Exercise materials |
Segment Open
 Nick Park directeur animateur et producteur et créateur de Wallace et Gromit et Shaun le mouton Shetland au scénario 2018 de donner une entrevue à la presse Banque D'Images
Segment Closed
Segment Open
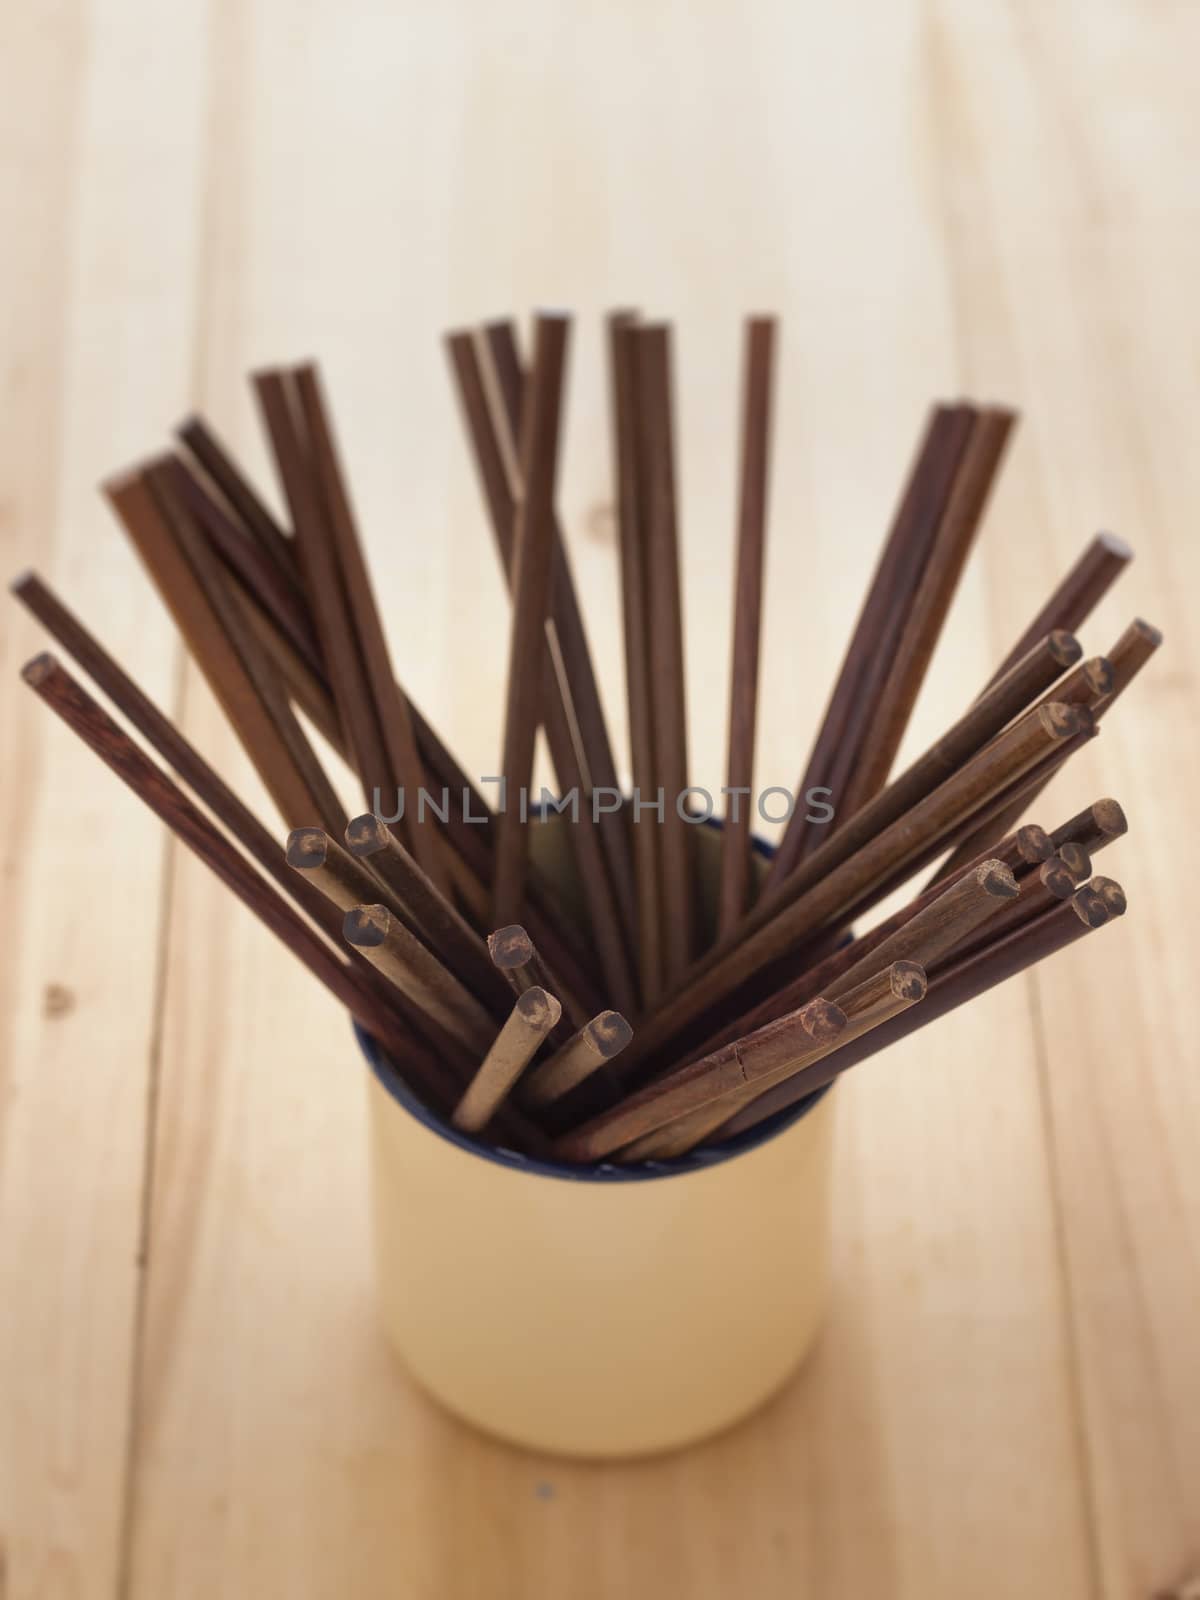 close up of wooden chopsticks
Segment Closed
Segment Open
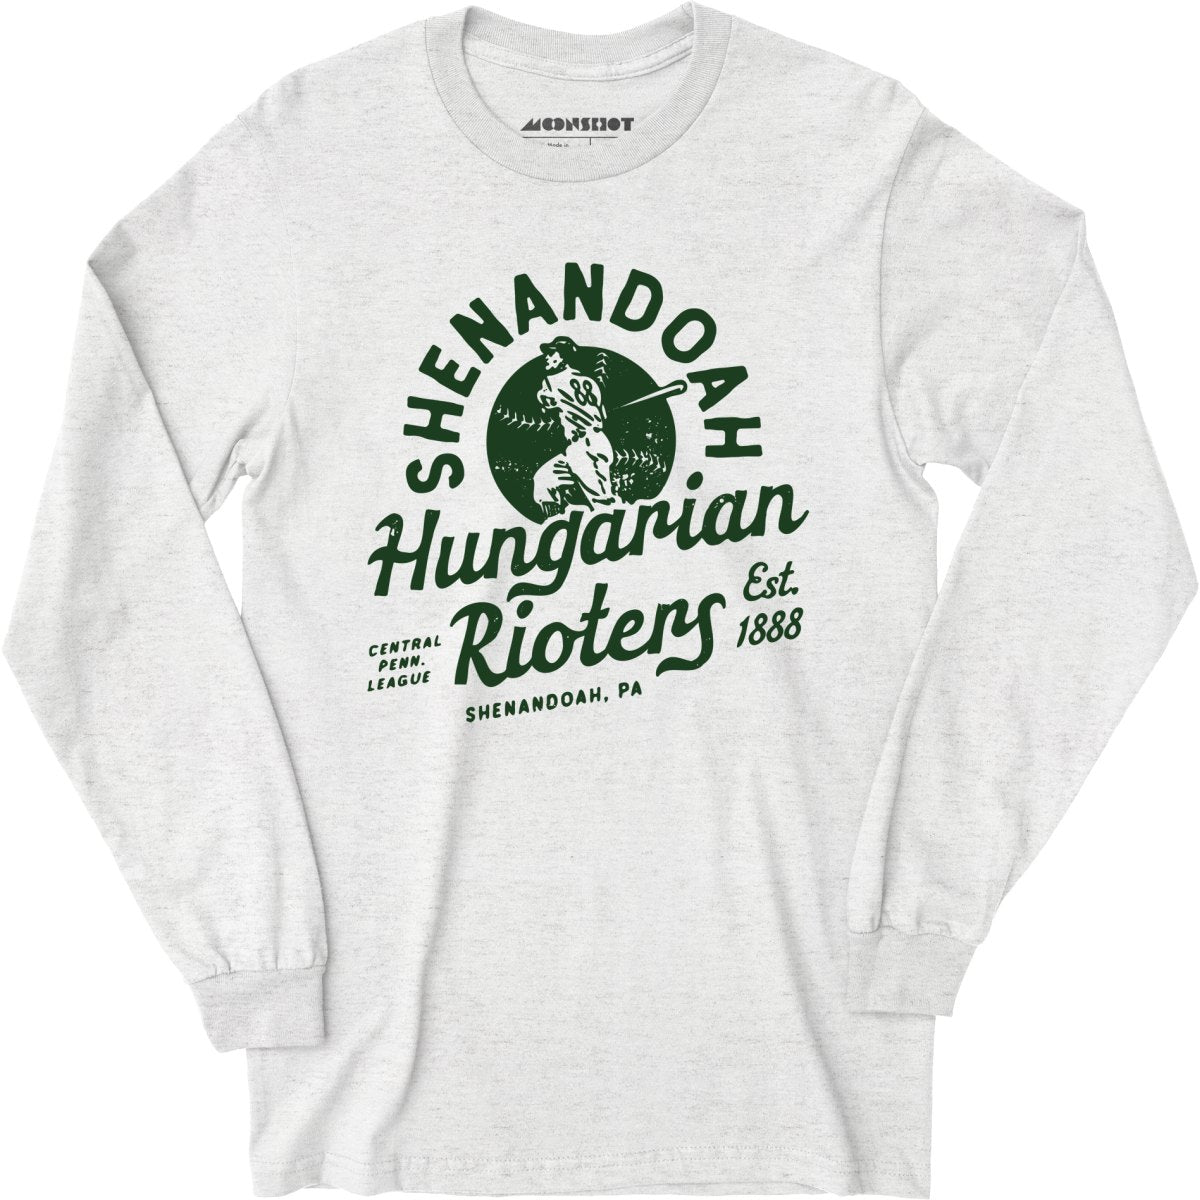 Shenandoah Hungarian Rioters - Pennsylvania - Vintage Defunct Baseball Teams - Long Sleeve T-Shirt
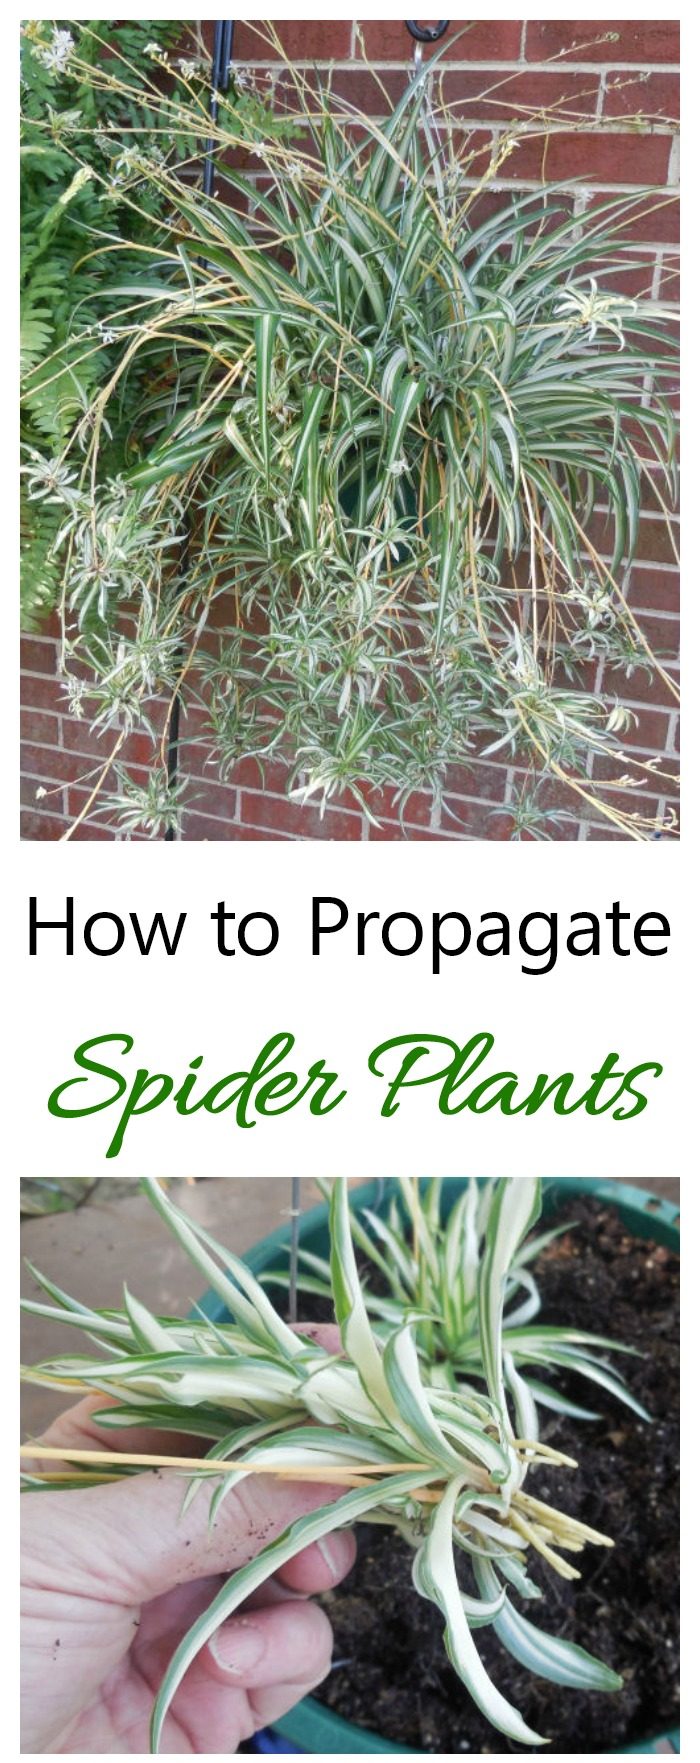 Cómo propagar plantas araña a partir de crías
Segment Closed
What is required | In the material above, the stretch from the line with "Shenandoah Hungarian Rioters" through the line with "Cómo propagar plantas" is to be given again exactly, minus the pictures.

Response below |
 Shenandoah Hungarian Rioters - Pennsylvania - Vintage Defunct Baseball Teams - Long Sleeve T-Shirt
 Cómo propagar plantas araña a partir de crías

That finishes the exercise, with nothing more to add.